DATA TO EXAMINE:
————

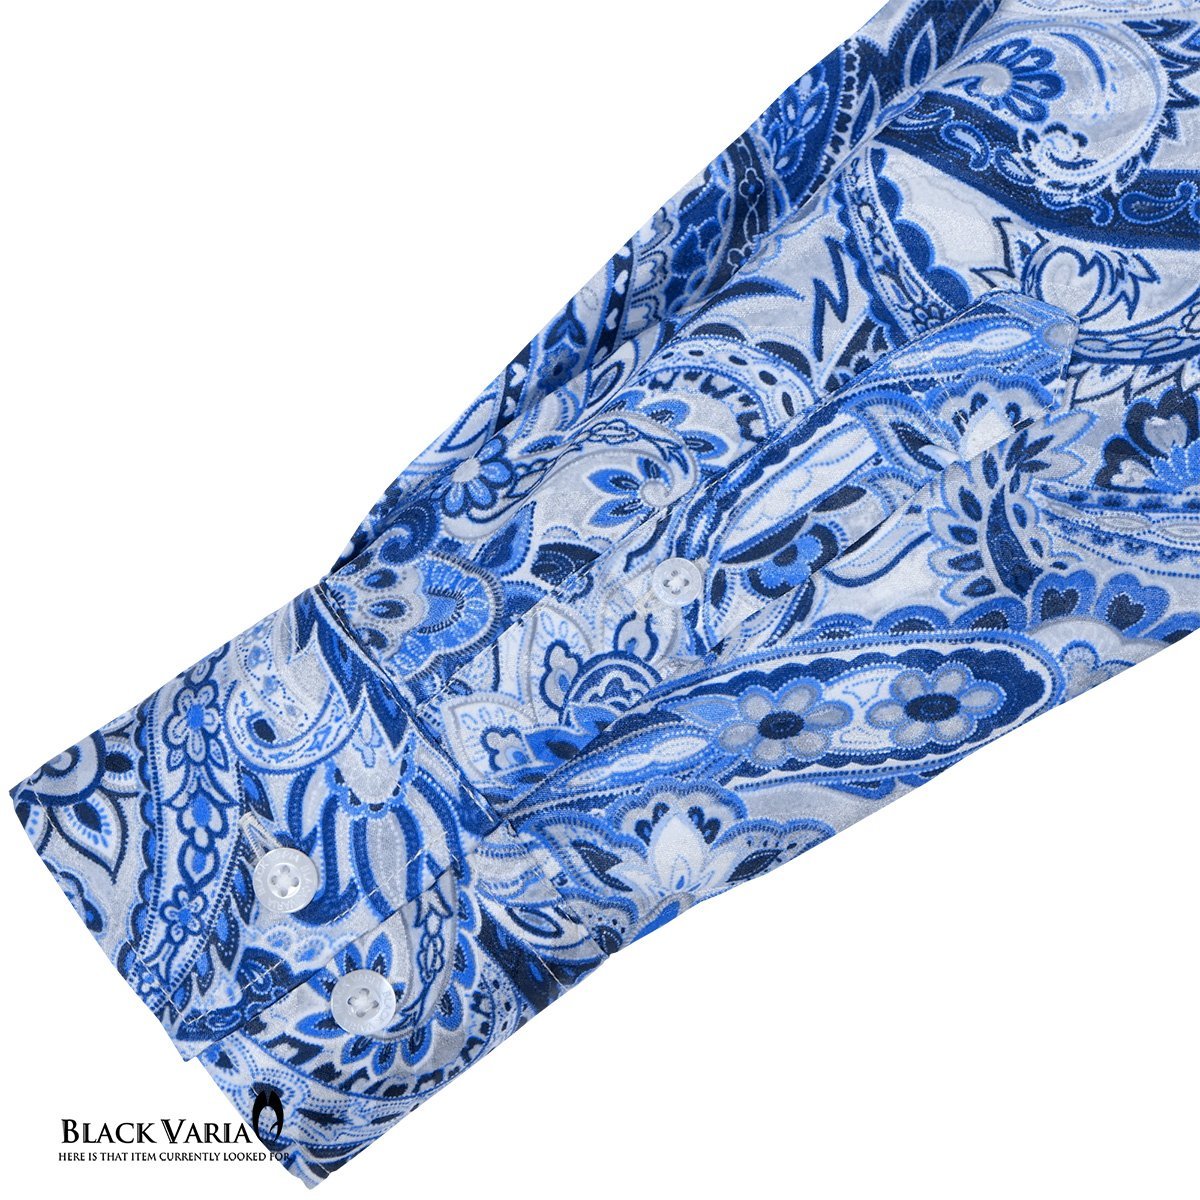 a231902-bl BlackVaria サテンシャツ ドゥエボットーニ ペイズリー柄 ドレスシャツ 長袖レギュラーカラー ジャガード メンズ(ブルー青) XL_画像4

————

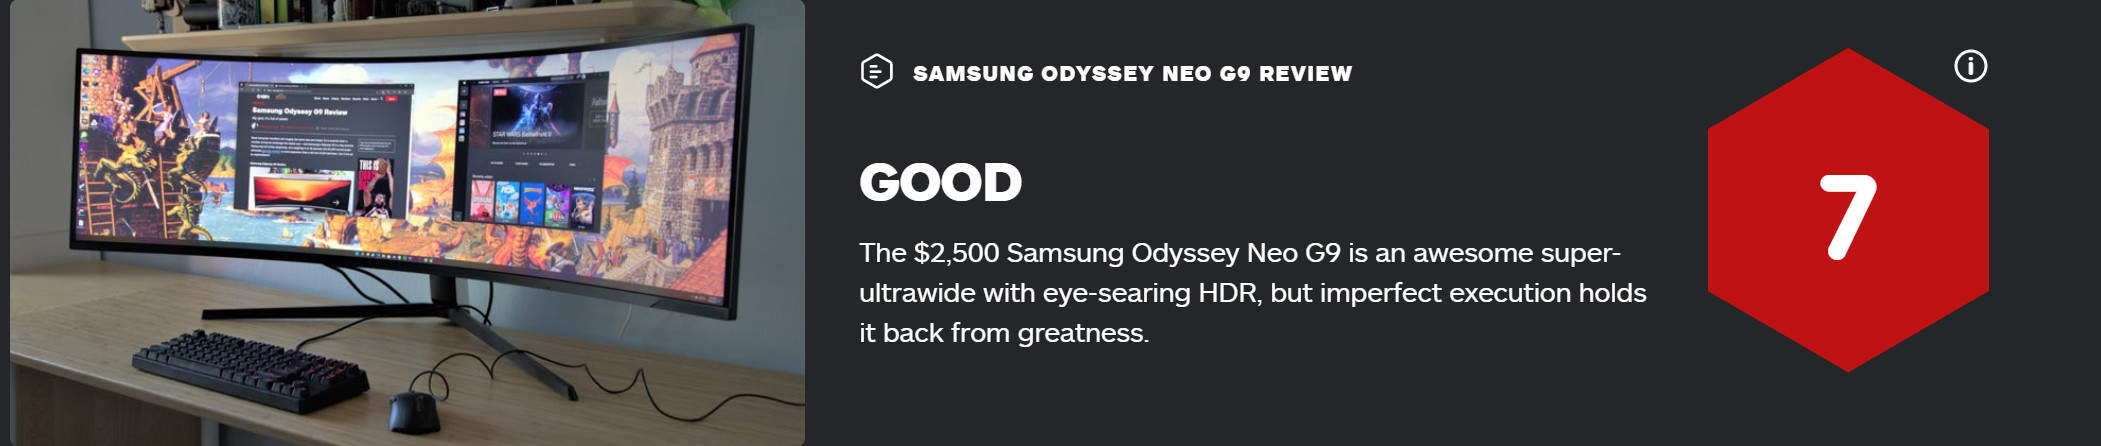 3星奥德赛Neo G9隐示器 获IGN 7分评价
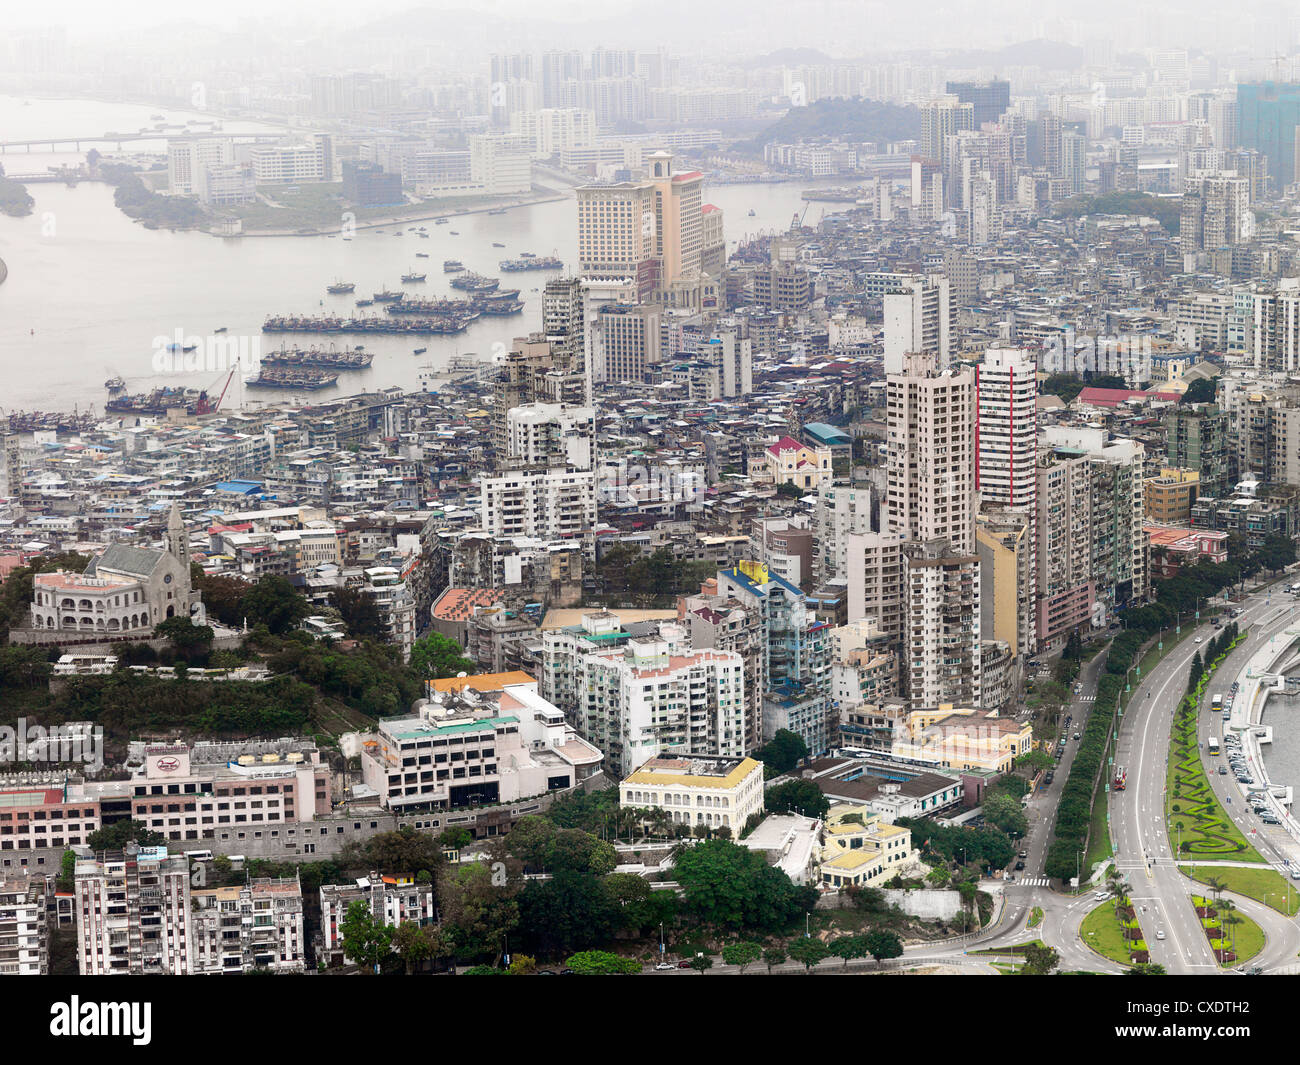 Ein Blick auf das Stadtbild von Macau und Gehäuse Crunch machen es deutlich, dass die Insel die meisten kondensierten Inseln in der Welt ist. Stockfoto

————

WHAT TO WORK ON: Give again the lines of the listing above that run from the one with "3星奥德赛Neo G9隐示器 获IGN 7分评价" up to and including the one with "Ein Blick auf". Keep them exact and omit the pictures.

ANSWER FOR THIS EXERCISE:
 3星奥德赛Neo G9隐示器 获IGN 7分评价
 Ein Blick auf das Stadtbild von Macau und Gehäuse Crunch machen es deutlich, dass die Insel die meisten kondensierten Inseln in der Welt ist. Stockfoto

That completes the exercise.